La banque et son ex-employé sont soupçonnés d'avoir joué un rôle déterminant pour permettre la dissimulation du produit d'agissements de "l'Office" créé par Gulnara Karimova, fille de l'ex-président de la République d'Ouzbékistan, que le MPC qualifie d'organisation criminelle.
Le présent acte d'accusation du MPC, déposé auprès du Tribunal pénal fédéral (TPF), est lié à celui qui a conduit le MPC à déférer, le 28 septembre 2023, Gulnara Karimova et un deuxième prévenu devant le même TPF.
Ces derniers sont accusés d'avoir participé à l'"Office" et d'avoir blanchi en Suisse, entre 2005 et 2012, des valeurs patrimoniales générées par des crimes commis par cette organisation, dont Gulnara Karimova était, selon l'acte d'accusation du MPC, la cheffe ultime.
Selon l'enquête, une partie des fonds blanchis en Suisse aurait été versée auprès de la banque Lombard Odier & Cie SA à Genève. Le rôle jugé "déterminant" de la banque et de l'un de ses anciens gestionnaires a conduit à la procédure pénale menée depuis décembre 2016 contre eux pour soupçons de blanchiment d'argent aggravé.
Coopération proposée
L'ancien gestionnaire concerné a été actif entre 2008 et 2012 auprès de l'Unité clientèle privée de Lombard Odier, précise le MPC. En raison notamment de sa fonction de membre du comité d'investissement d'un fonds de Gulnara Karimova, il aurait connu la fille de l'ex-président ouzbek et plusieurs membres de "l'Office" avant même son engagement à la banque.
Après avoir rejoint l'établissement en 2008, l'homme aurait maintenu un contact actif avec des membres de "l'Office" et aurait proposé une coopération à certains d'entre eux. En sa qualité de gestionnaire, il est accusé d'avoir ouvert ou fait ouvrir, entre août 2008 et août 2012, auprès de Lombard Odier, neuf relations bancaires destinées à recevoir des fonds issus de crimes commis par l'organisation.
Standards et directives pas respectés
Selon l'acte d'accusation du MPC, le prévenu savait que les fonds transférés sur les relations bancaires concernées provenaient d'activités criminelles de "l'Office", notamment d'actes de corruption commis dans le secteur ouzbek des télécommunications.

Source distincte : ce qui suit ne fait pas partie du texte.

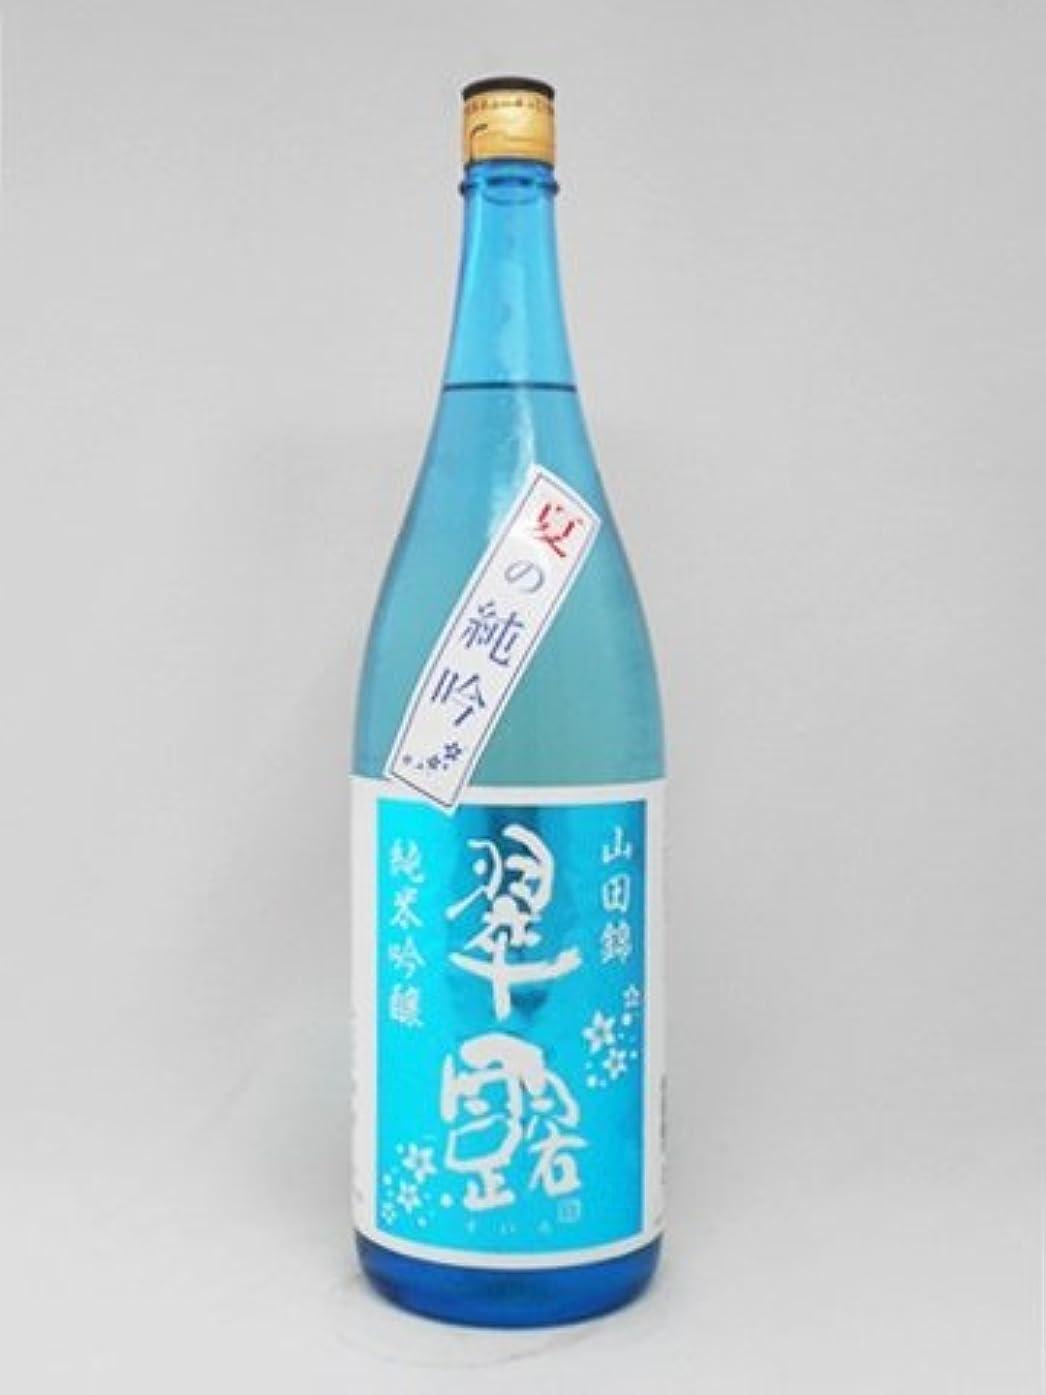 機知に富んだキャリッジタックル日本酒 翠露 純米吟醸 夏純吟 山田錦 2017 1.8L 舞姫 C

Dans le cadre de l'ouverture et de la gestion des relations bancaires concernées, le MPC reproche à Lombard Odier de ne pas avoir respecté les standards de l'époque en matière de lutte contre le blanchiment, mais aussi ses propres directives internes.
De "multiples défaillances"
De 2008 à 2012 au moins, le programme de lutte contre le blanchiment de Lombard Odier aurait présenté de "multiples défaillances" empêchant tant d'éviter que de détecter les activités de blanchiment "répétées et durables" commises par le gestionnaire.
Dans ce contexte, la banque n'aurait pas pris "toutes les mesures d'organisation raisonnables et nécessaires" pour empêcher la commission d'actes de blanchiment d'argent aggravé en son sein.
ats/vajo
La banque rejette les accusations
Lombard Odier a indiqué avoir pris connaissance de la décision du MPC. Pour la banque, les accusations portées contre elle sont "infondées" et l'établissement "les rejette fermement".
L'enquête a débuté "suite à une communication de soupçons proactive de Lombard Odier aux autorités suisses (MROS) en 2012", ajoute la banque, qui dit avoir "toujours pleinement coopéré avec les autorités compétentes".